Medicine (Baltimore). 2017 Jan;96(1):e5824

Authors: Mărginean CO, Meliţ LE, Mărginean MO

Abstract
INTRODUCTION: Hereditary multiple exostoses (HME) or osteochondromatosis is a rare autosomal dominant disease characterized by multiple osteochondromas and skeletal deformities.
PATIENT CONCERNS & DIAGNOSES: We present the case of a 5 years and 9 month-old patient who presented with inferior limb pain for approximately 6 months, associating also deformity of the right index finger for a month. Hand X-ray revealed a radiologic abnormality of the right radius, therefore the child was referred to our clinic for further investigations. The X-rays revealed multiple osteochondromas of the radius, metacarpal bones, hand phalangeal bones, femur, tibia, fibula, metatarsal bones, and foot phalangeal bones.
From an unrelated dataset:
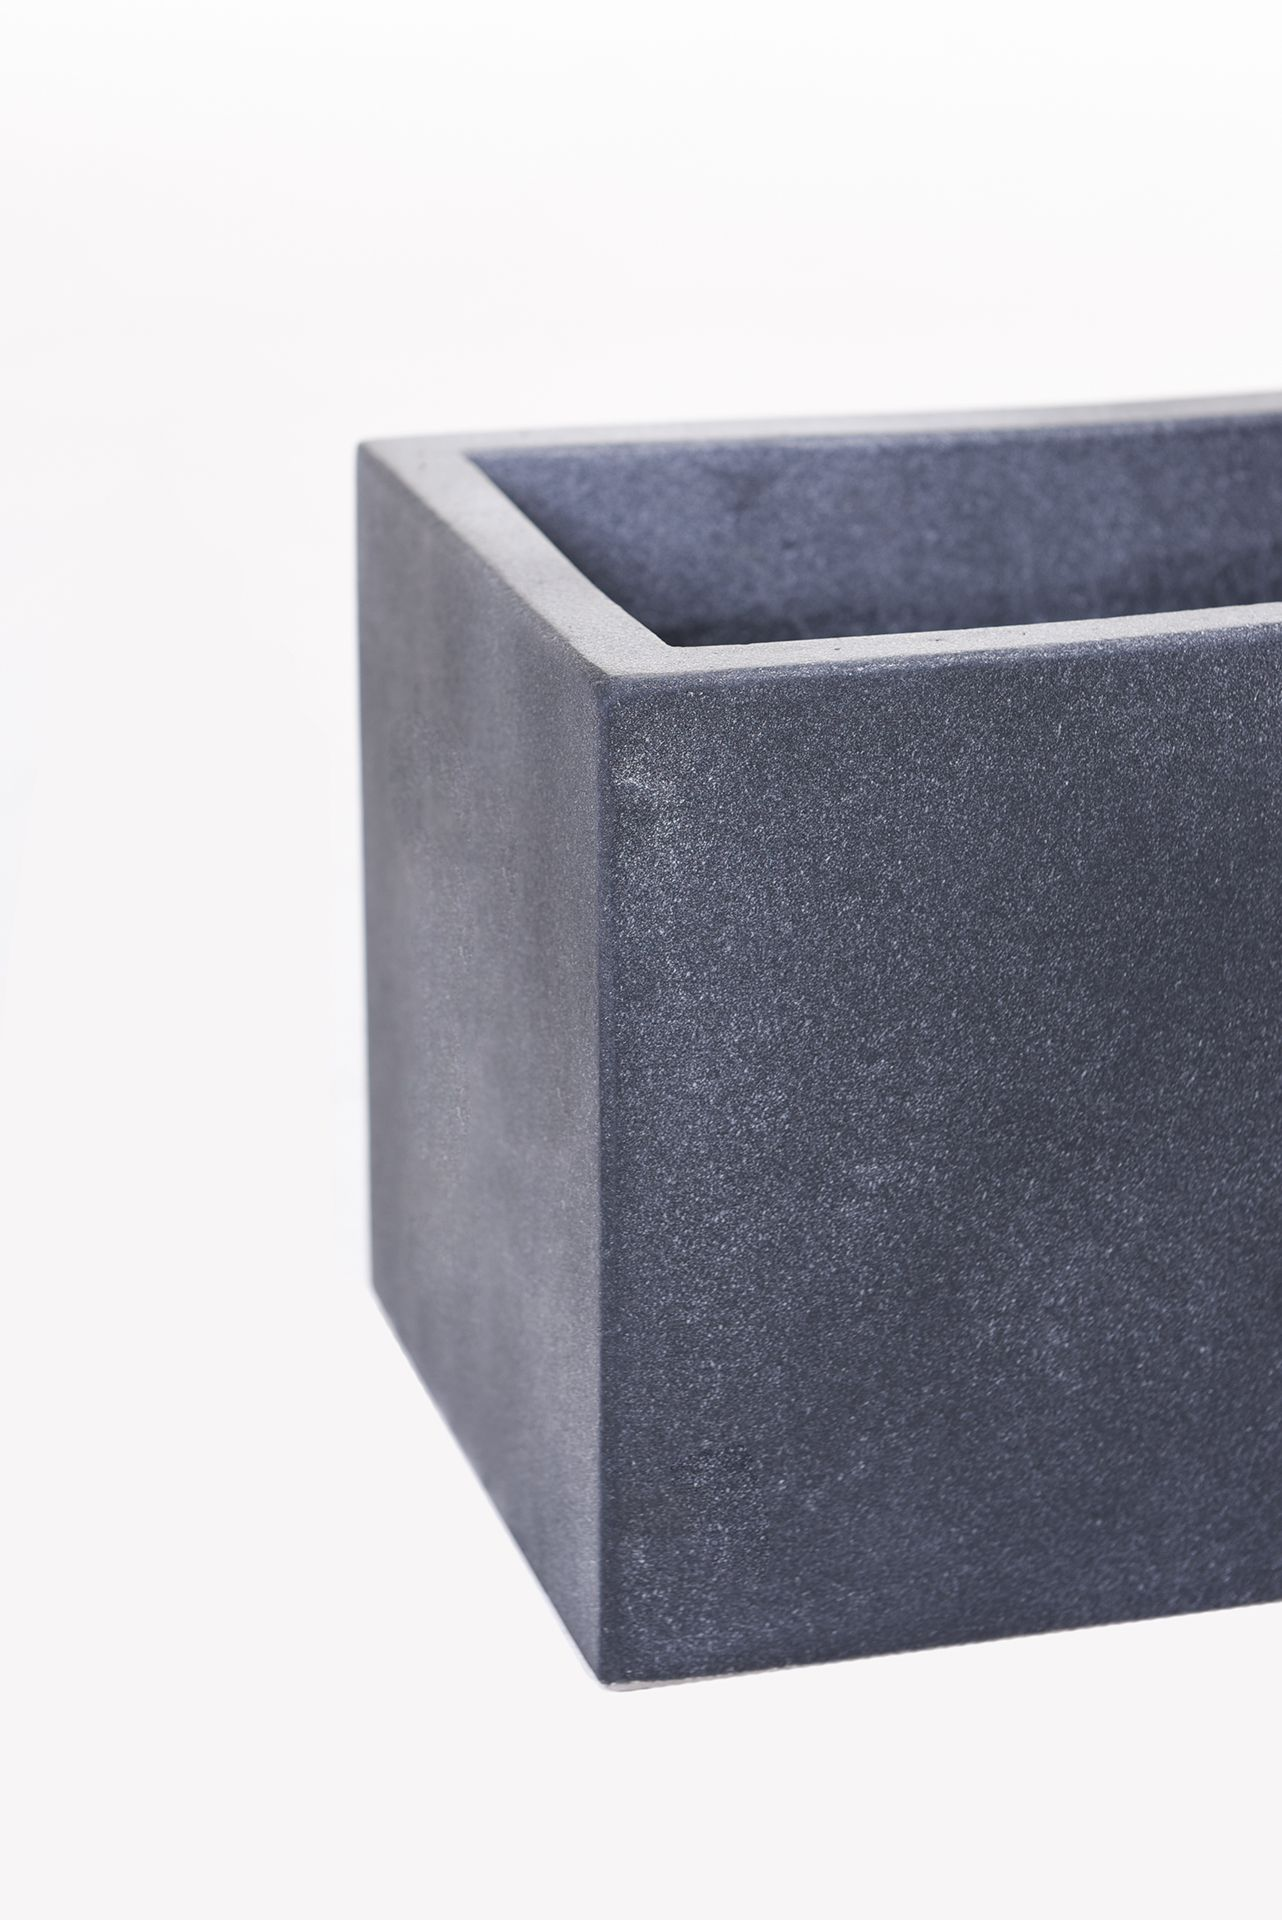 "blumenkasten balkonkasten pflanzkasten aus beton ""flobo"", 60 cm"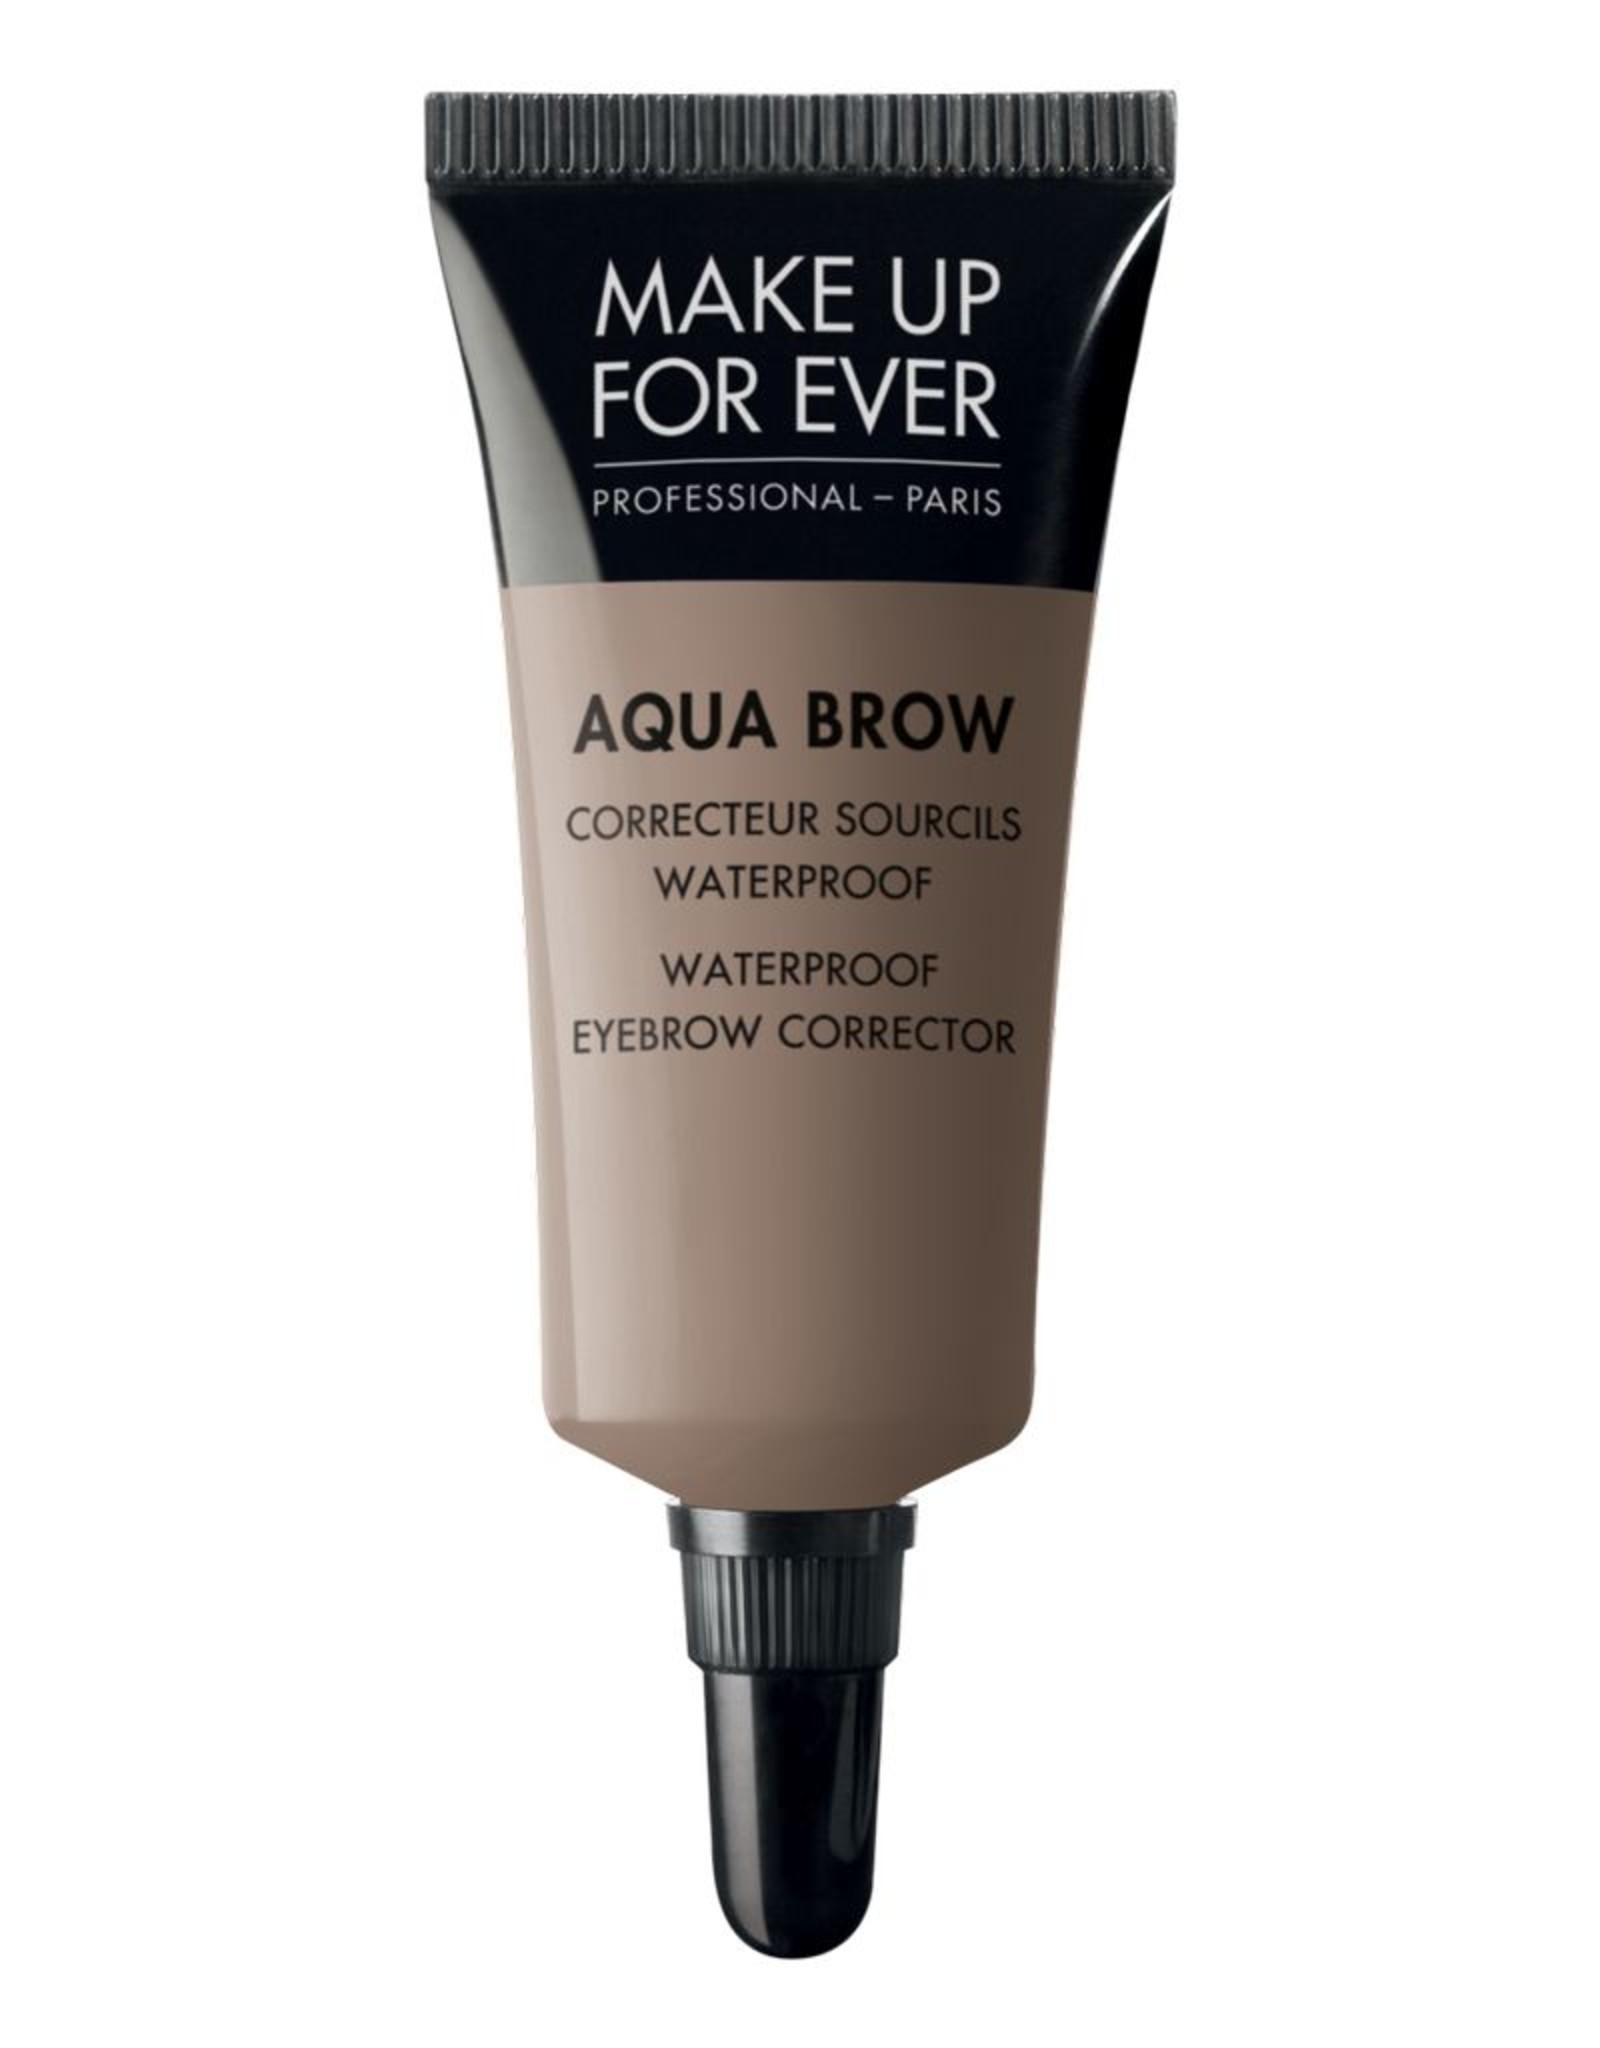 MUFE AQUA BROW 7ml (recharge uniquement)#10 Blond Clair / Light Blond

We mention that the same radiological aspect was identified in the case of the patient's mother, undiagnosed until that moment.
OUTCOMES: The particularity of this case consists in identification of a rare genetic pathology, HME in a 5-year-old patient, without any known familial history, after the occurrence of a nontraumatic joint dislocation of the right index finger.
CONCLUSION: HME is a rare genetic condition, without a curative treatment, burdened by multiple complications, and whose diagnosis is usually established during childhood.

PMID: 28072741 [PubMed - indexed for MEDLINE]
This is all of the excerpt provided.